But this is not the worst case. I can simple craft a script where single assignment will lead to hundreds type checks.
<?php
class A {
public ?A $ref;
function __construct(&$ref = null) {
$this->ref =& $ref;
}
}
for ($i = 0; $i < 100; $i++) {
$a[$i] = new A($ref);
}
$ref = new A; // <= 100 type checks on a single assignment
?>
In case we add union types, we can make 200, 300 check...
The worst thing, for me, is variance together with union of multiple class types.
Each such method compatibility check is going to be a puzzle solving, and I imagine people, proud of writing "complex pearls".

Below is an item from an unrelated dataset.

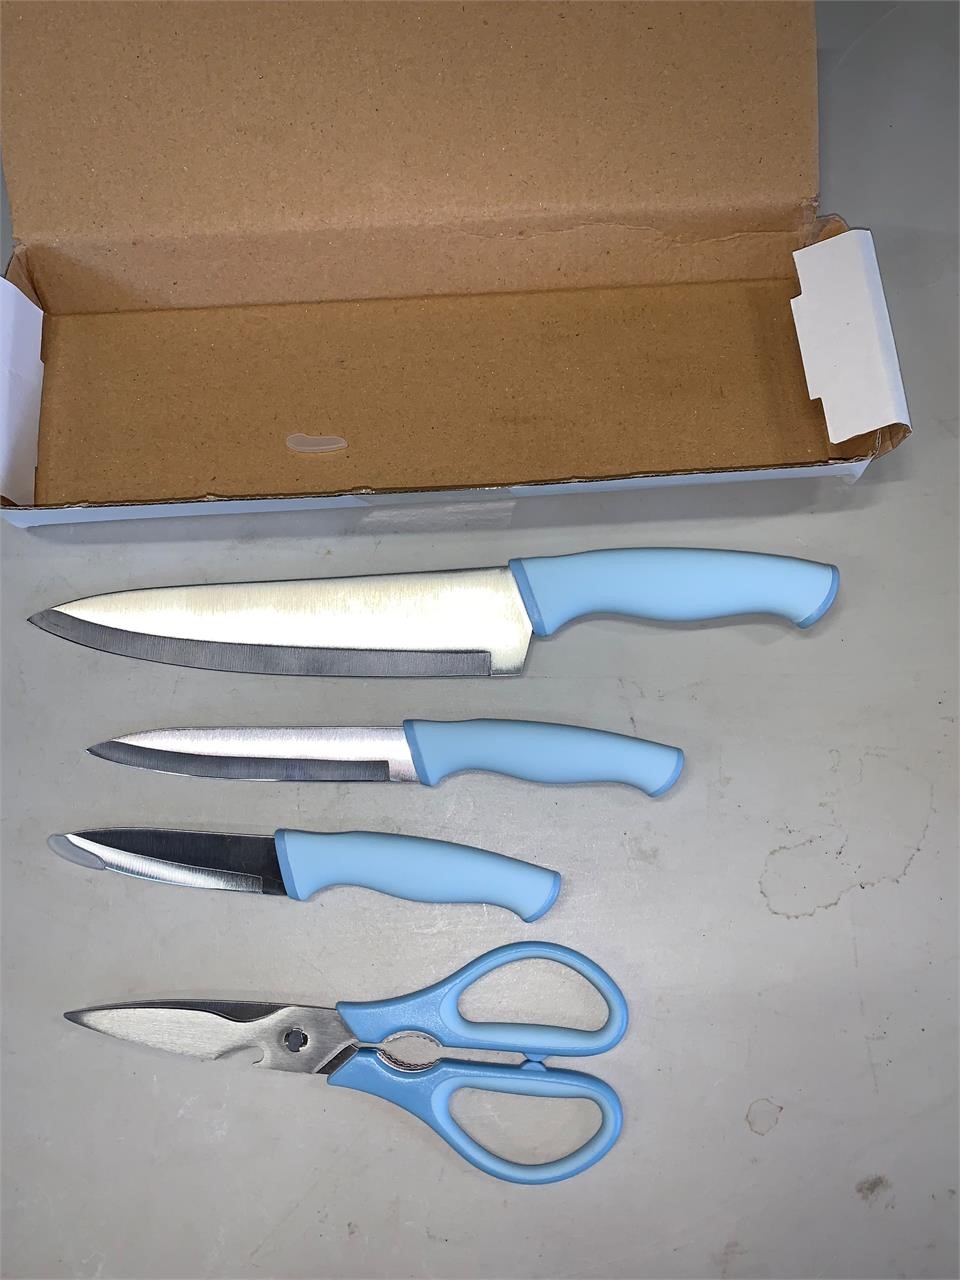 LOT OF 3 NEW KNIVE SET
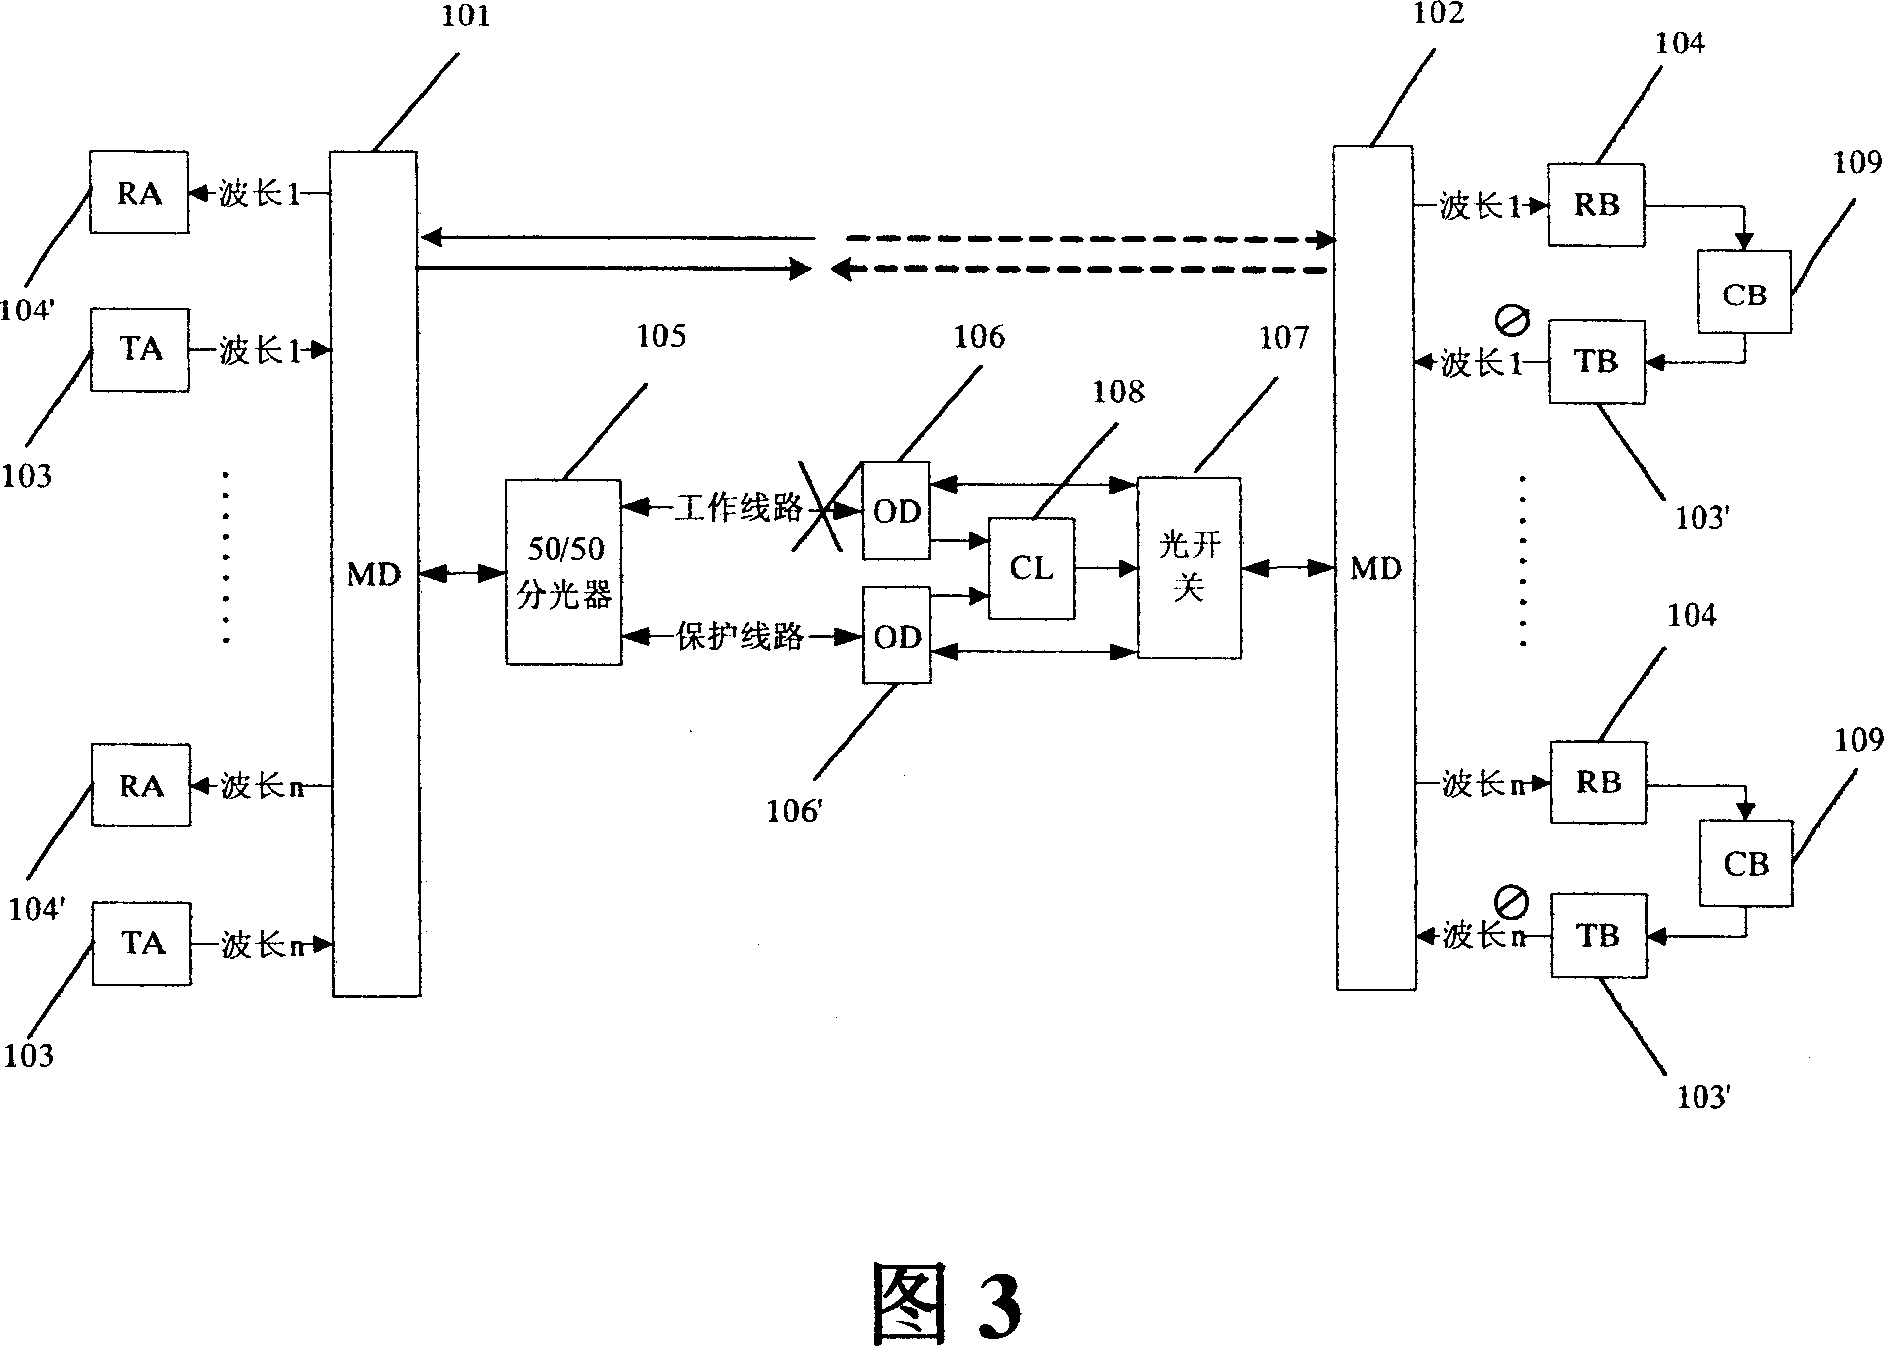 System for transmitting single-fiber-optic two-way wavelength division multiplexing and its protection

My main concern, I don't like to complicate the language with features that shouldn't be often used, and I don't like to complicate implementation and reduce performance without real need.
In my opinion, union of standard types and single class or null should be enough for most typing use cases.
Thanks. Dmitry.
From: Nikita Popov nikita.ppv@gmail.com
Sent: Friday, October 25, 2019 13:22
To: Dmitry Stogov dmitry@zend.com
Cc: PHP internals internals@lists.php.net
Subject: Re: [PHP-DEV] Re: [RFC] Union Types v2
Hi Nikita,
I checked the Union Type implementation, and it more or less good. I mean, it implements the RFC in almost the best way.
However, as I don't like the RFC itself. Especially, unions of multiple classes and interference with type variance, I'll vote against this.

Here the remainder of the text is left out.